··· SOURCE INFORMATION ···
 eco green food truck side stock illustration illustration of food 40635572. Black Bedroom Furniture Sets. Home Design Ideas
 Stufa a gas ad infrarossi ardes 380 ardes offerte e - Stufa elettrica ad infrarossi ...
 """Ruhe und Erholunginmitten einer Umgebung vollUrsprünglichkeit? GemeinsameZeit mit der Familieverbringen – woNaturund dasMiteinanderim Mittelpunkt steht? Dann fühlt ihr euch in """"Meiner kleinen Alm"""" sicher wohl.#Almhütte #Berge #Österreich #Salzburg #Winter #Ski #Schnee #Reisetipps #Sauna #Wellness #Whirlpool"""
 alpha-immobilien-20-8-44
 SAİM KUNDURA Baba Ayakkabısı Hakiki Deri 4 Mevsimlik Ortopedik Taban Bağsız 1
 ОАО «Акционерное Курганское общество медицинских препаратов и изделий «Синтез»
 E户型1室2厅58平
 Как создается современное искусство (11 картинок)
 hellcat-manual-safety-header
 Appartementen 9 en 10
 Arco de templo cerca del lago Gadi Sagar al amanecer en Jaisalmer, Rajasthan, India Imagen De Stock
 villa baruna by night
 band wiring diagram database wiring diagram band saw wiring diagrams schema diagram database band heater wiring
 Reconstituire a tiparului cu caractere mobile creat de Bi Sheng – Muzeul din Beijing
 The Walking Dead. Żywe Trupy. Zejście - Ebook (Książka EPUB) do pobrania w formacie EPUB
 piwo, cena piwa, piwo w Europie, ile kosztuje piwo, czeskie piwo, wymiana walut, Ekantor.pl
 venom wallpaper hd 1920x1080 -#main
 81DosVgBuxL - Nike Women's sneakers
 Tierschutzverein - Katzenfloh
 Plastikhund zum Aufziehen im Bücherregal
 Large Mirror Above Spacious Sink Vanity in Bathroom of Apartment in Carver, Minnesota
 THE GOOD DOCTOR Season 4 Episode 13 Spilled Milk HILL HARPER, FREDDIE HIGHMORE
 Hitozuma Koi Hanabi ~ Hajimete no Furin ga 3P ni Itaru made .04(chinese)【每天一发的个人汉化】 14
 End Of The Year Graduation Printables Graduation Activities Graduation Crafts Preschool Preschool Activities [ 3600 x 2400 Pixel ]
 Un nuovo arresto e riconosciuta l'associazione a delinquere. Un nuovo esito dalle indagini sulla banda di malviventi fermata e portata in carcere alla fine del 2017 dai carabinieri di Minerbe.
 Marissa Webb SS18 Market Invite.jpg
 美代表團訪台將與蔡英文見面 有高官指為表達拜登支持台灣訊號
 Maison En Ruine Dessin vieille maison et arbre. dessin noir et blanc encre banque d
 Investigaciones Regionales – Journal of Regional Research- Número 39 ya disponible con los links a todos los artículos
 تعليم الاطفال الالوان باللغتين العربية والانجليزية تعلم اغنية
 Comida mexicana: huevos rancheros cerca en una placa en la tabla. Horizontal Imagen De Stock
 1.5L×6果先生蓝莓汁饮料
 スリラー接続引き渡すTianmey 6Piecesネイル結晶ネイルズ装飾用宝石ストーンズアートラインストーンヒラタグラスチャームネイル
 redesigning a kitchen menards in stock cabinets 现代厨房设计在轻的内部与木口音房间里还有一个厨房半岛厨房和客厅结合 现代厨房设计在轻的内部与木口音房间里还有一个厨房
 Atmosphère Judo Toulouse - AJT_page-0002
···
* [REQUIREMENT] The full set of entries should appear again, unchanged, line by line.

* [YOUR SOLUTION]
 eco green food truck side stock illustration illustration of food 40635572. Black Bedroom Furniture Sets. Home Design Ideas
 Stufa a gas ad infrarossi ardes 380 ardes offerte e - Stufa elettrica ad infrarossi ...
 """Ruhe und Erholunginmitten einer Umgebung vollUrsprünglichkeit? GemeinsameZeit mit der Familieverbringen – woNaturund dasMiteinanderim Mittelpunkt steht? Dann fühlt ihr euch in """"Meiner kleinen Alm"""" sicher wohl.#Almhütte #Berge #Österreich #Salzburg #Winter #Ski #Schnee #Reisetipps #Sauna #Wellness #Whirlpool"""
 alpha-immobilien-20-8-44
 SAİM KUNDURA Baba Ayakkabısı Hakiki Deri 4 Mevsimlik Ortopedik Taban Bağsız 1
 ОАО «Акционерное Курганское общество медицинских препаратов и изделий «Синтез»
 E户型1室2厅58平
 Как создается современное искусство (11 картинок)
 hellcat-manual-safety-header
 Appartementen 9 en 10
 Arco de templo cerca del lago Gadi Sagar al amanecer en Jaisalmer, Rajasthan, India Imagen De Stock
 villa baruna by night
 band wiring diagram database wiring diagram band saw wiring diagrams schema diagram database band heater wiring
 Reconstituire a tiparului cu caractere mobile creat de Bi Sheng – Muzeul din Beijing
 The Walking Dead. Żywe Trupy. Zejście - Ebook (Książka EPUB) do pobrania w formacie EPUB
 piwo, cena piwa, piwo w Europie, ile kosztuje piwo, czeskie piwo, wymiana walut, Ekantor.pl
 venom wallpaper hd 1920x1080 -#main
 81DosVgBuxL - Nike Women's sneakers
 Tierschutzverein - Katzenfloh
 Plastikhund zum Aufziehen im Bücherregal
 Large Mirror Above Spacious Sink Vanity in Bathroom of Apartment in Carver, Minnesota
 THE GOOD DOCTOR Season 4 Episode 13 Spilled Milk HILL HARPER, FREDDIE HIGHMORE
 Hitozuma Koi Hanabi ~ Hajimete no Furin ga 3P ni Itaru made .04(chinese)【每天一发的个人汉化】 14
 End Of The Year Graduation Printables Graduation Activities Graduation Crafts Preschool Preschool Activities [ 3600 x 2400 Pixel ]
 Un nuovo arresto e riconosciuta l'associazione a delinquere. Un nuovo esito dalle indagini sulla banda di malviventi fermata e portata in carcere alla fine del 2017 dai carabinieri di Minerbe.
 Marissa Webb SS18 Market Invite.jpg
 美代表團訪台將與蔡英文見面 有高官指為表達拜登支持台灣訊號
 Maison En Ruine Dessin vieille maison et arbre. dessin noir et blanc encre banque d
 Investigaciones Regionales – Journal of Regional Research- Número 39 ya disponible con los links a todos los artículos
 تعليم الاطفال الالوان باللغتين العربية والانجليزية تعلم اغنية
 Comida mexicana: huevos rancheros cerca en una placa en la tabla. Horizontal Imagen De Stock
 1.5L×6果先生蓝莓汁饮料
 スリラー接続引き渡すTianmey 6Piecesネイル結晶ネイルズ装飾用宝石ストーンズアートラインストーンヒラタグラスチャームネイル
 redesigning a kitchen menards in stock cabinets 现代厨房设计在轻的内部与木口音房间里还有一个厨房半岛厨房和客厅结合 现代厨房设计在轻的内部与木口音房间里还有一个厨房
 Atmosphère Judo Toulouse - AJT_page-0002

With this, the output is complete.